9. The method according to any one of claims 1-8, further comprising:

obtaining a corpus corresponding to each preset language respectively;

for each preset language, determining the use frequency of each vocabulary and the use frequency of each binary group based on the corpus, constructing a unitary frequency dictionary corresponding to the preset language based on the use frequency of each vocabulary, and constructing a binary frequency dictionary corresponding to the preset language based on the use frequency of each binary group;

and respectively constructing a unitary probability dictionary and a binary probability dictionary corresponding to the preset language based on the unitary frequency dictionary and the binary frequency dictionary.

10. The method according to claim 9, wherein the constructing the unary probability dictionary and the binary probability dictionary corresponding to the preset language based on the unary frequency dictionary and the binary frequency dictionary respectively comprises:

for each vocabulary in the unary frequency dictionary, determining an unary probability of the vocabulary in the preset language based on the use frequency of the vocabulary, a preset unary smooth value, the length of the unary frequency dictionary and the intersection dictionary length corresponding to each preset language;

for each binary group in the binary frequency dictionary, determining a binary probability of the binary group under the preset language based on the use frequency of the binary group, a preset binary smooth value and the length of the binary frequency dictionary;

and constructing a unary probability dictionary corresponding to the preset language according to the unary probability of each vocabulary under the preset language, and constructing a binary probability dictionary corresponding to the preset language according to the binary probability of each binary group under the preset language.
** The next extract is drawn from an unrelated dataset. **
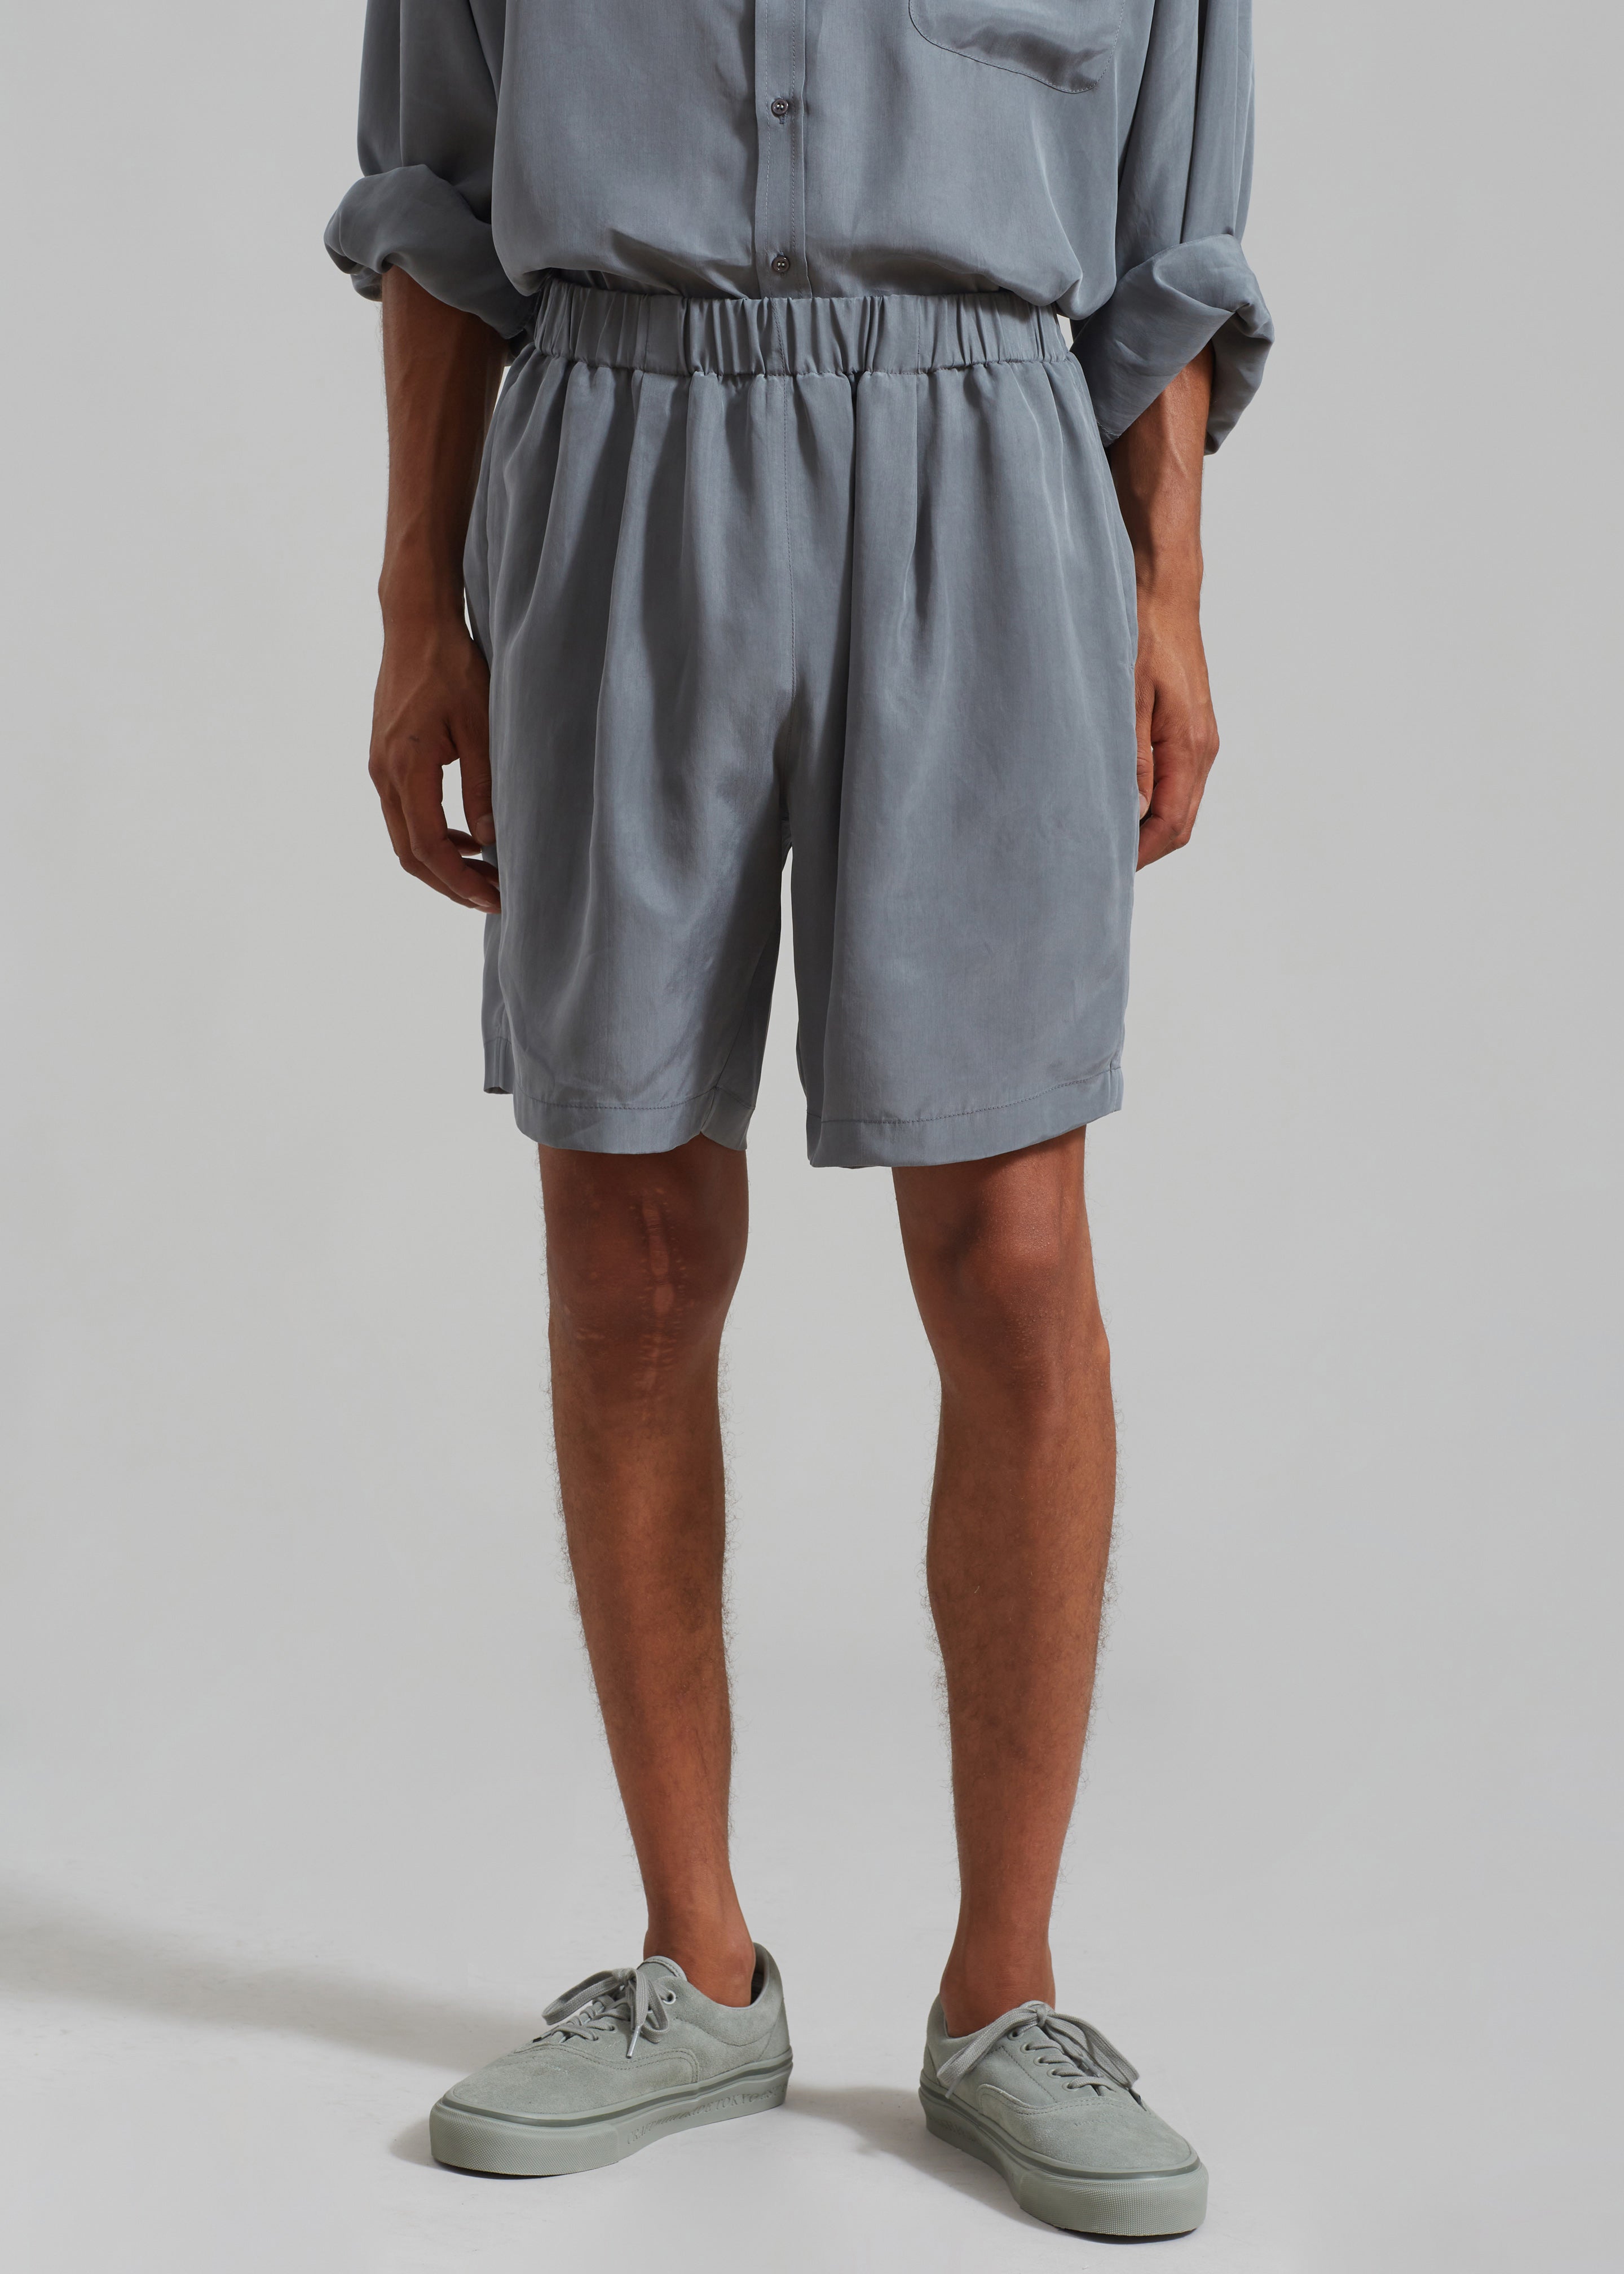 Leland Silky Boxer Shorts - Charcoal - 2
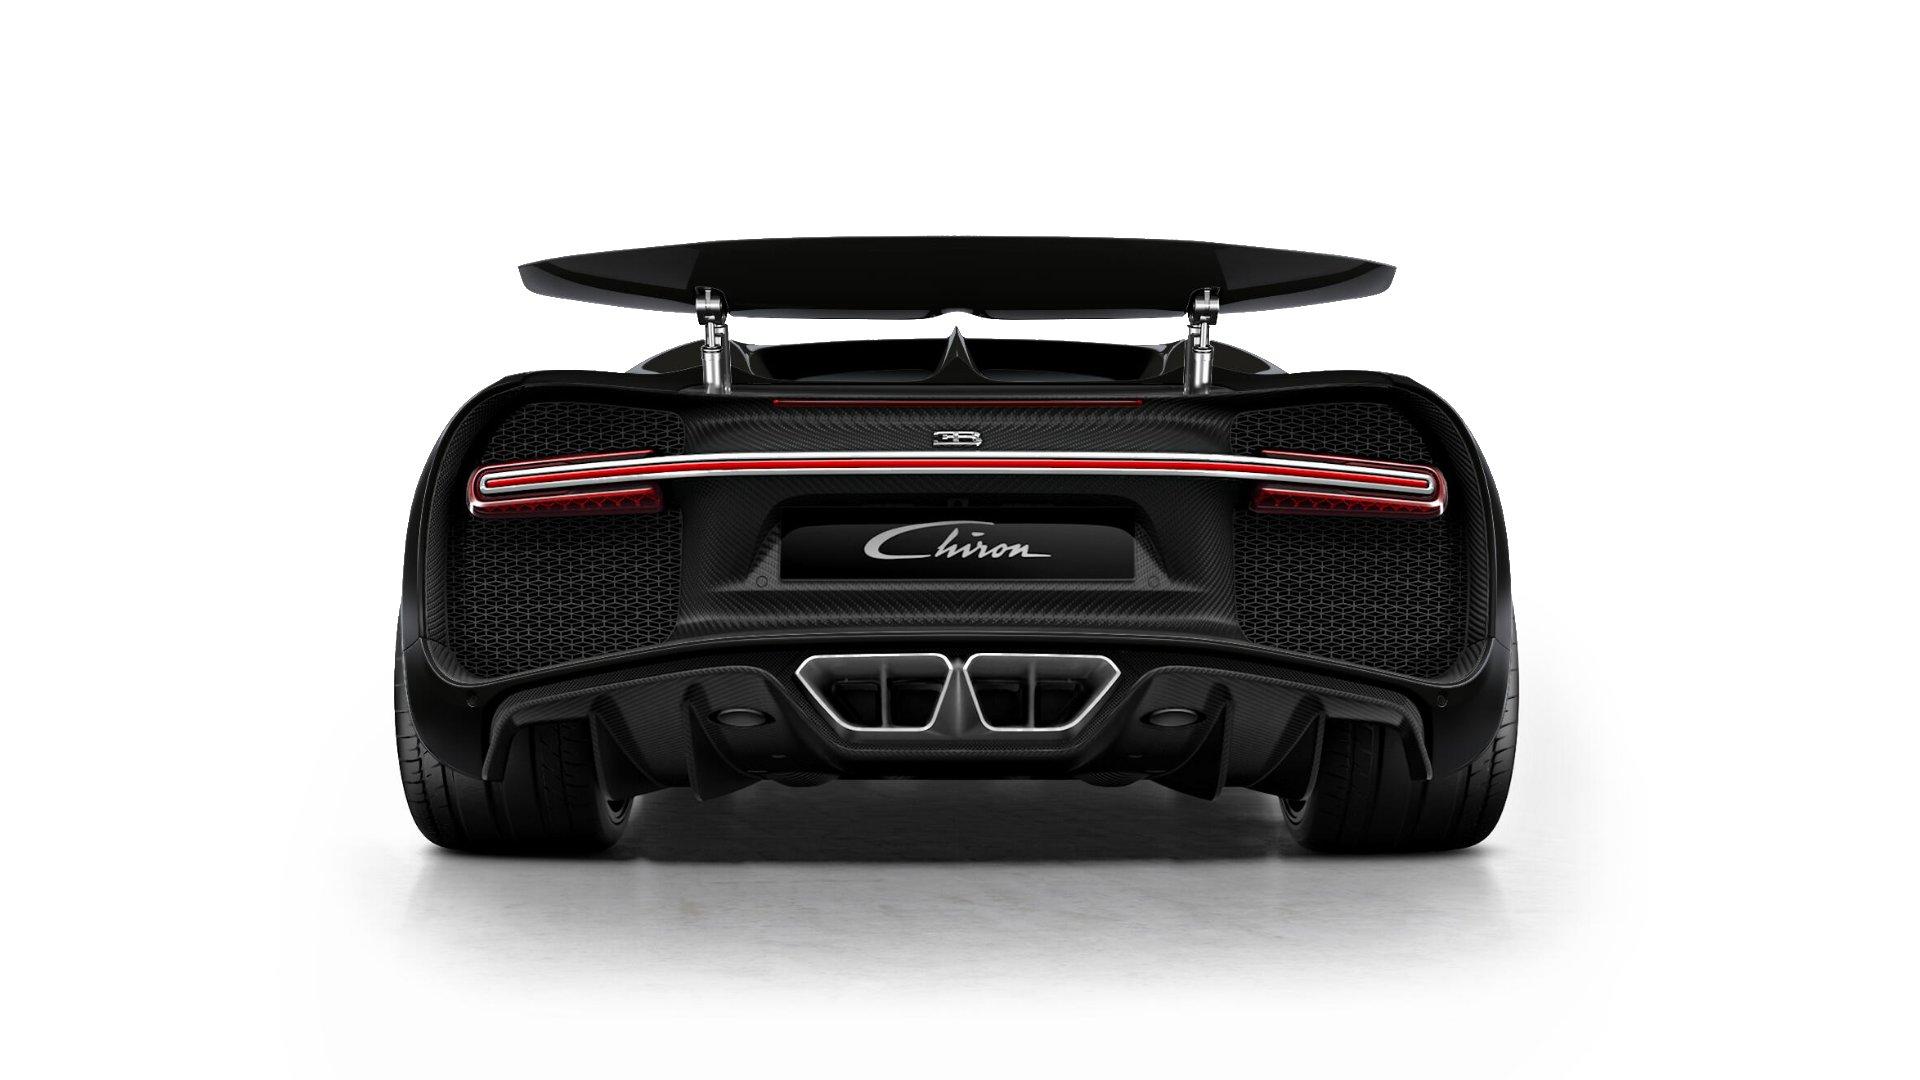 Bugatti Chiron luxurious super sports car

11. A text language recognition apparatus, comprising:

the system comprises a binary group determining module, a recognition module and a recognition module, wherein the binary group determining module is used for acquiring a text to be recognized, determining each vocabulary to be recognized in the text to be recognized, and determining at least one binary group to be recognized corresponding to the current vocabulary to be recognized aiming at the current vocabulary to be recognized, and the binary group to be recognized comprises the current vocabulary to be recognized and adjacent vocabularies of the current vocabulary to be recognized;

the binary probability determining module is used for determining the binary probability of the binary group to be recognized under each preset language based on the binary probability dictionary respectively corresponding to each preset language aiming at each binary group to be recognized;

12. An electronic device, characterized in that the electronic device comprises:

at least one processor; and

the memory stores a computer program executable by the at least one processor, the computer program being executable by the at least one processor to enable the at least one processor to perform the text language identification method of any one of claims 1-10.

13. A computer-readable storage medium storing computer instructions for causing a processor to perform the text language identification method of any one of claims 1-10 when executed.